Egypt is one of the top 15 smoking countries in the world and they are not referring to supermodels sunbathing in the parks of downtown Cairo. Nearly 60 percent of all adult males in the country of 79 million people use tobacco in some form, compared with 24 percent of men in the United States. This might have been what Deep Purple was referring to when they sang “Smoke on the water, fire in the Nile.”
While anti-smoking campaigns have been in place for decades in the West, the issue has not even been on the agenda in Egypt or the Middle East. According to the American Cancer Society, in the 1990s, when smoking in the developed world declined, it increased 8.6 percent in this region. They were actually going for a double digit increase but ran out of Bic lighters.
So here’s Egypt’s master plan.

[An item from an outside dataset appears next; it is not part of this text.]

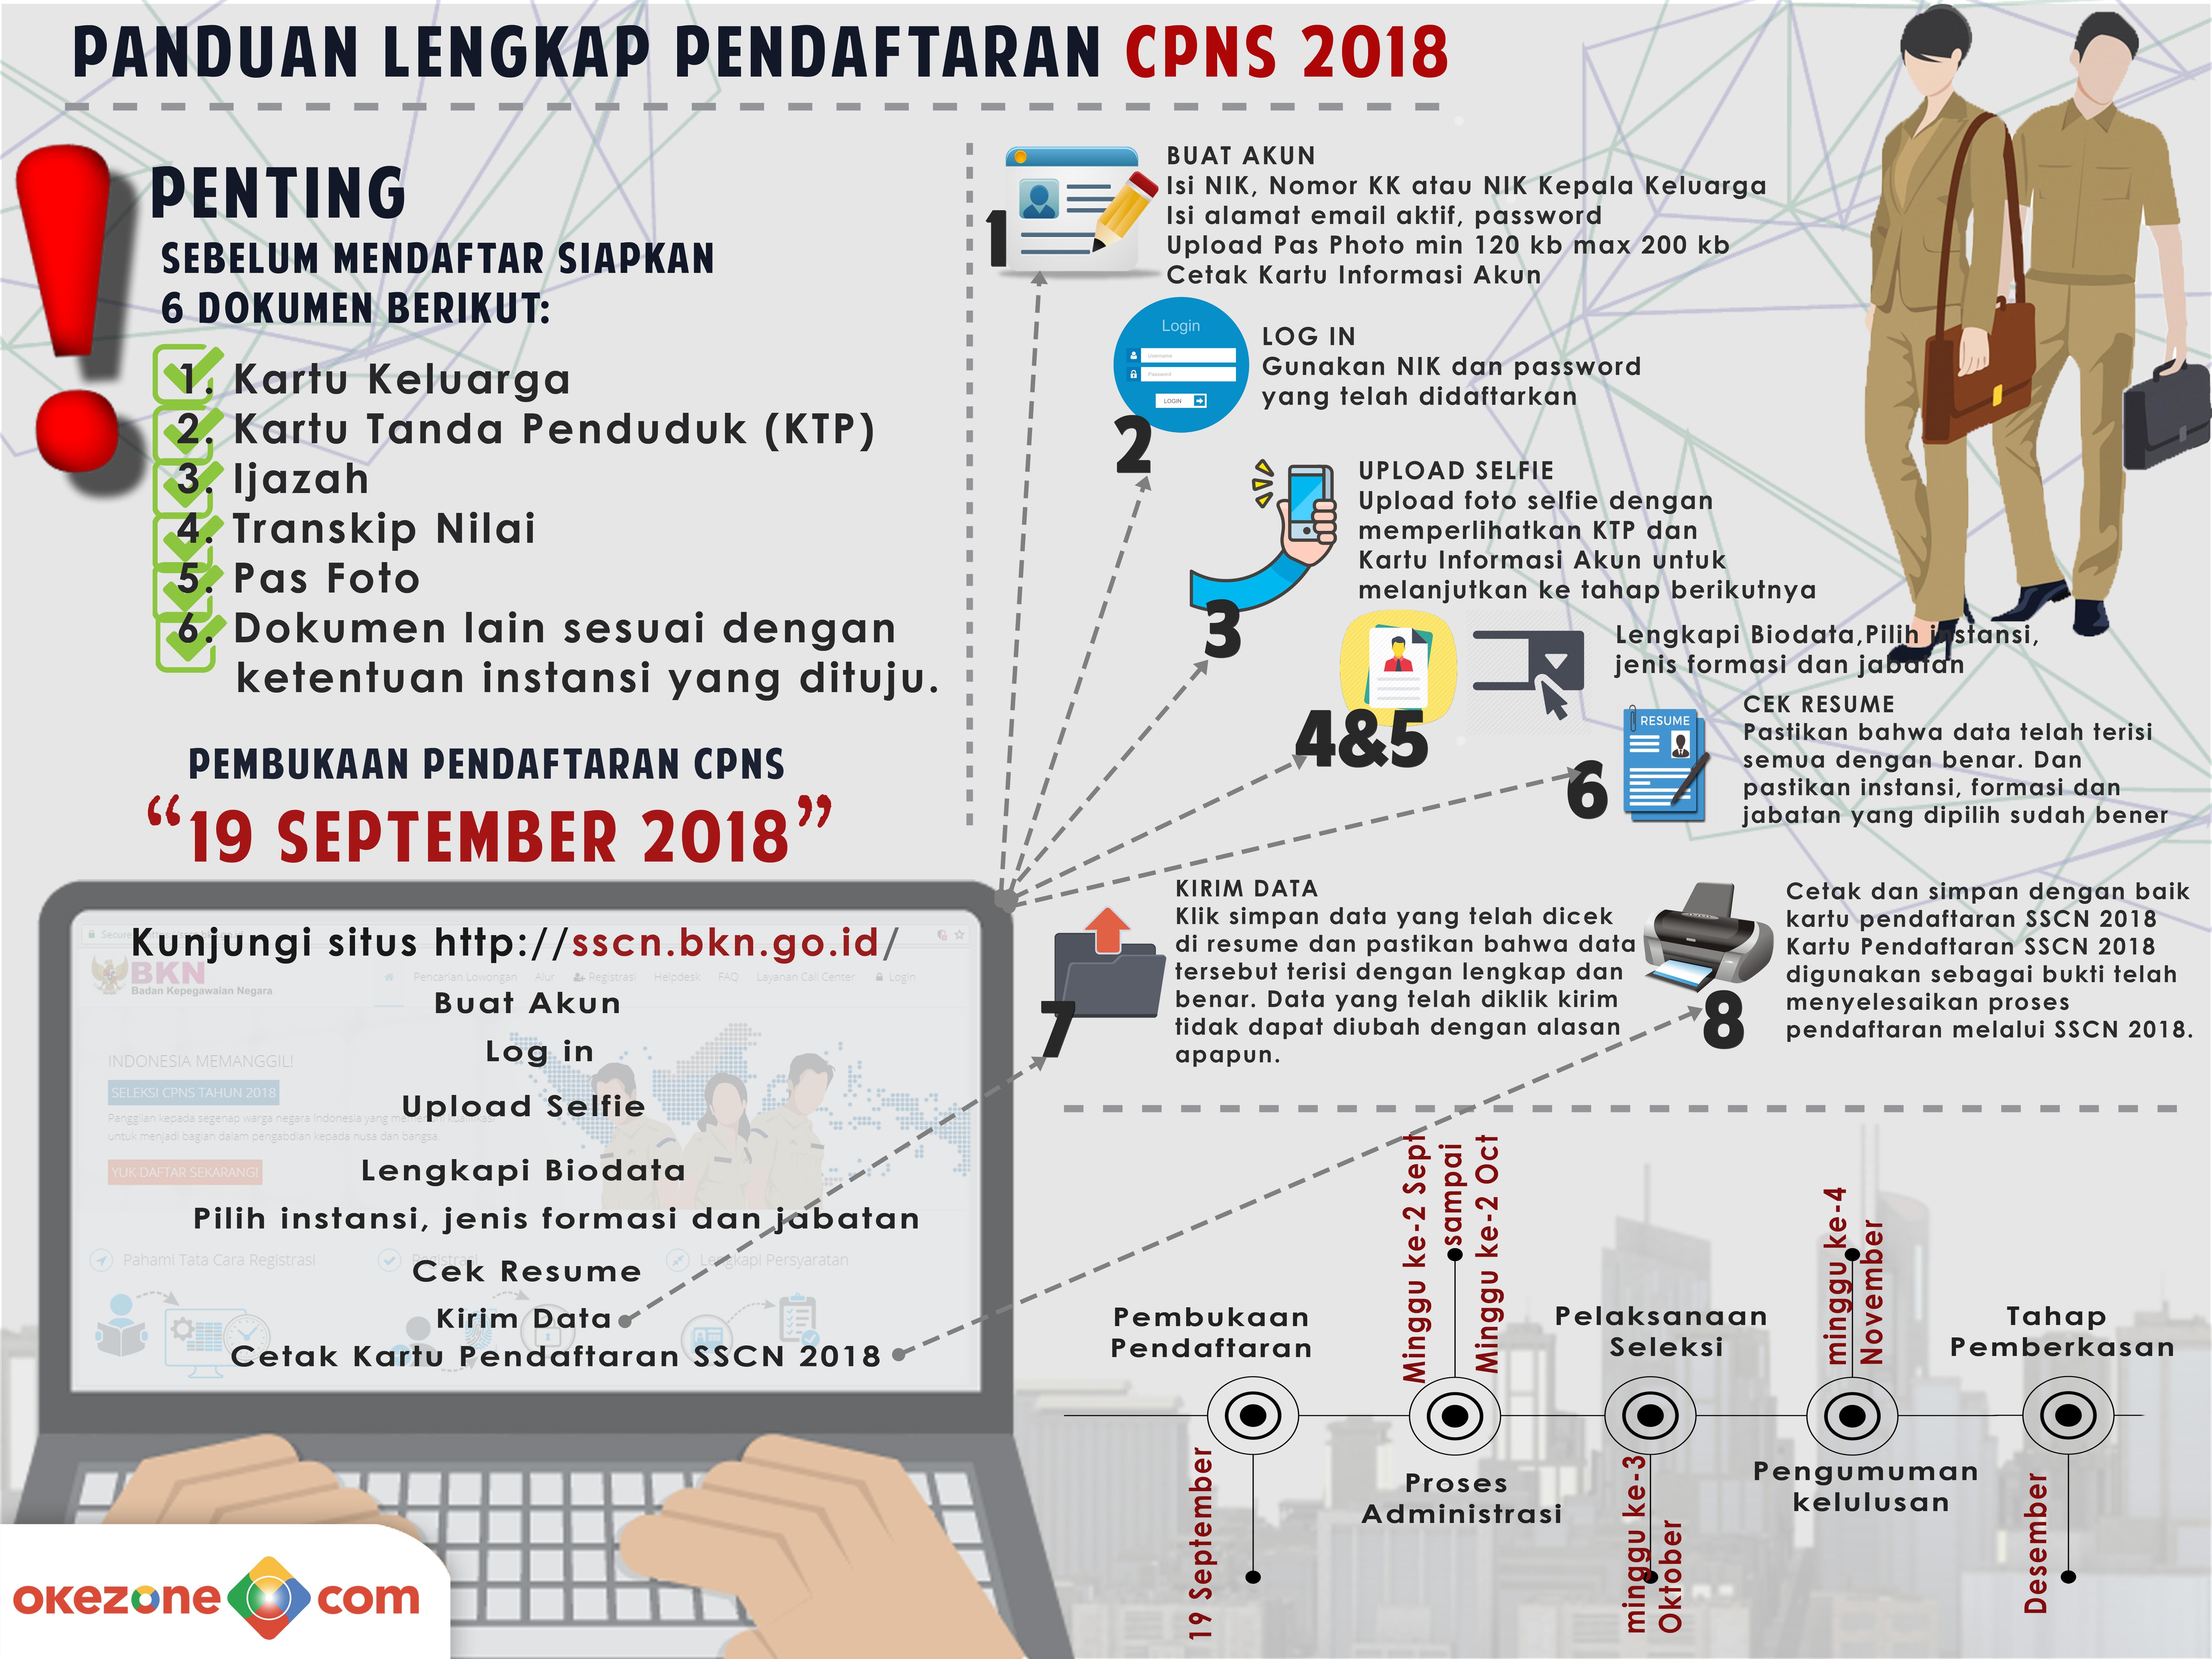 PENDAFTARAN LENGKAP CPNS 2018 -

A month ago, the country’s tobacco control department was launched, though it consists of only two people in a closet-sized office with no telephones and an annual budget of just $12,500. They also have a printer with no ribbon, a fax machine but no paper and a Omar Sharif autographed hookah for office and holiday parties.
For the new label requirements, authorities field-tested a variety of images. They found that warnings linking tobacco with death were not particularly effective with Egyptians, because dying is perceived as inevitable anyway. Hopefully the same theory doesn’t hold true with showering. Also, images of diseased lungs left people confused about what was being shown as many perceived it to be a tar and nicotine party.
Instead, the new warnings focus on threats to health and, particularly, to family, like the effect on children and pregnant women and the risk of impotence. “We need something to give the smokers a shock that they are in great danger,” said Dr. Mohammed Mehrez, head of the tobacco control department. I’m with you, Doc. I believe it all comes down to the words of “The Honeymooner’s” Ralph Kramden when asked by his pal Ed Norton, “Mind if I smoke?” Replied Ralph, “I don’t care if you burn.”
That’s our health news for the week. Tune in again Monday when we’ll go back in the time tunnel and check out some more classic photos from when I was still dealing with film hesitation. Now, I click away like Madonna at a Kabala retreat in the Catskills. So have a beautiful weekend, enjoy the colors of the cliff and let’s hope the fires fade in California. Aloha, mahalo, thank you firefighters and I’m outta here.